Потом пьют еще, потом начинаются песни вроде «Группа крови» и «Подмосковные вечера», польются пьяные слезы и в конце кого-нибудь особо впечатлительного обязательно стошнит.

При всем этом для меня посиделки с Эдвардом были интереснее прочих. Нет, мы все равно обсуждали все те же самые темы, что и обычно обсуждаются в таких случаях, но эти разговоры принимали совершенно другую тональность: после обсуждения текущих новостей мы вдруг попадали в анализ их причин, мы никогда не спорили, мы, скорее, посмеивались.
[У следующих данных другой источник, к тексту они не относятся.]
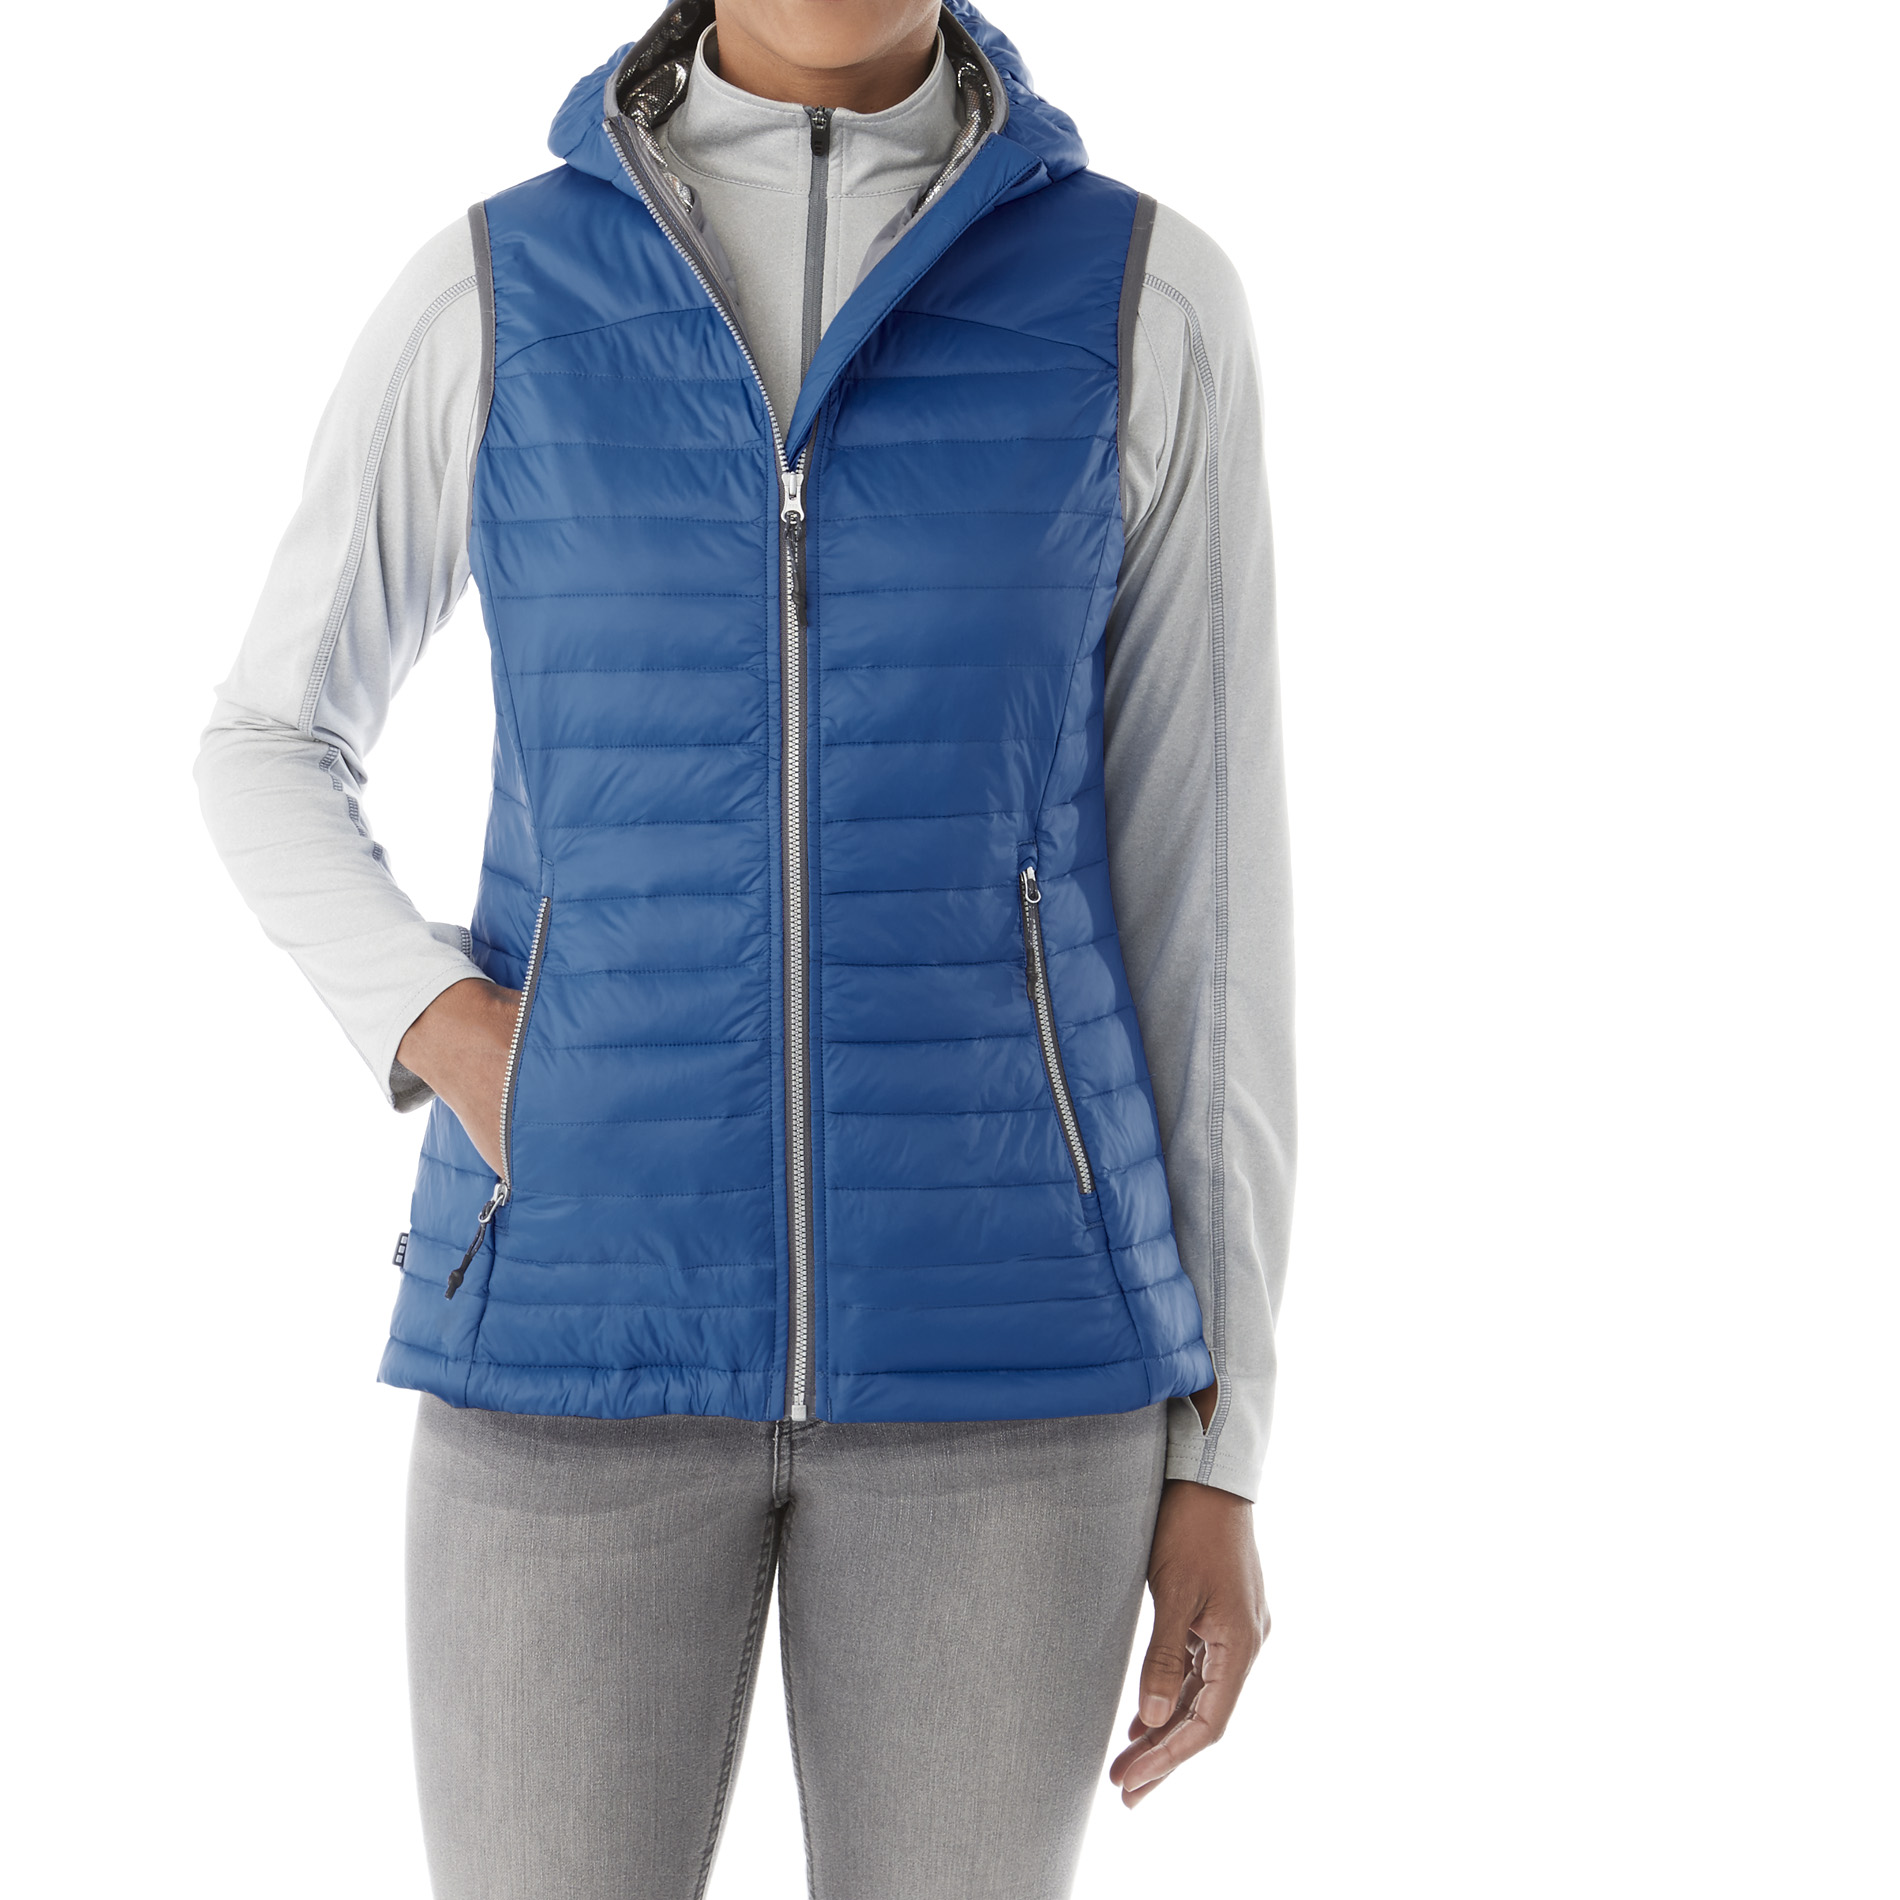 Trimark TM99556 - Women's JUNCTION Packable Insulated Vest

При том что Эдвард был либералом, а я — реакционером, мы оба были нигилистами в том смысле, что не любили спорить всерьез.

— Я прочитал твою книгу, кстати, — я вытащил из тумбочки томик в бумажном переплете с черно-белой фотографией афганского моджахеда, — ерунда это все.

Эту книгу пару недель тому назад дал почитать Эдвард: военные мемуары полевого командира Амина Вардака. Внутри содержался отчет автора о том, как он проводил военные операции против ограниченного контингента и организовывал конвои гуманитарной помощи, да, кроме того, давал свое отношение к крупнейшим политическим процессам региона, в том числе нынешнему правительству Карзая. С недавнего времени Эдвард стал интересоваться ситуацией в Средней Азии и получил ее из рук автора с именным автографом. Ее немедленно забрала прочитать Ольга, а потом они передали ее мне. Галина отказалась от чтения за недосугом. Меня книга раздражала за то же, за что, по всей видимости, полюбил ее мой друг, — за простоватый текст, веру автора в лучшее и заранее проигранную борьбу с ветряными мельницами. Эдвард, несомненно, отождествлял себя с каким-нибудь моджахедом в горах — борцом за свободу с АК-47 наперевес.

— В каком смысле — ерунда?

— Ну, очевидно, он-то, конечно, весь в белом, — саркастически отозвался я, — а проклятые Советы — это ад и погибель.

— Ну а разве не так? Он же не говорит — проклятые русские люди. Он борец с режимом, это ведь не афганцы были на территории СССР. Здесь текст составлен собственно как отчет полевого командира.

— Я тебя умоляю, — подала голос Ольга, — ты лучше нас знаешь, что, если бы он написал: «Ура, мы повергли неверных», его бы в этой стране никто никогда не напечатал. Он, может, и остался верен самому себе, но борьбу он проиграл. Кому нужны проигравшие? Может, он искренен, но как знать, а может — и нет!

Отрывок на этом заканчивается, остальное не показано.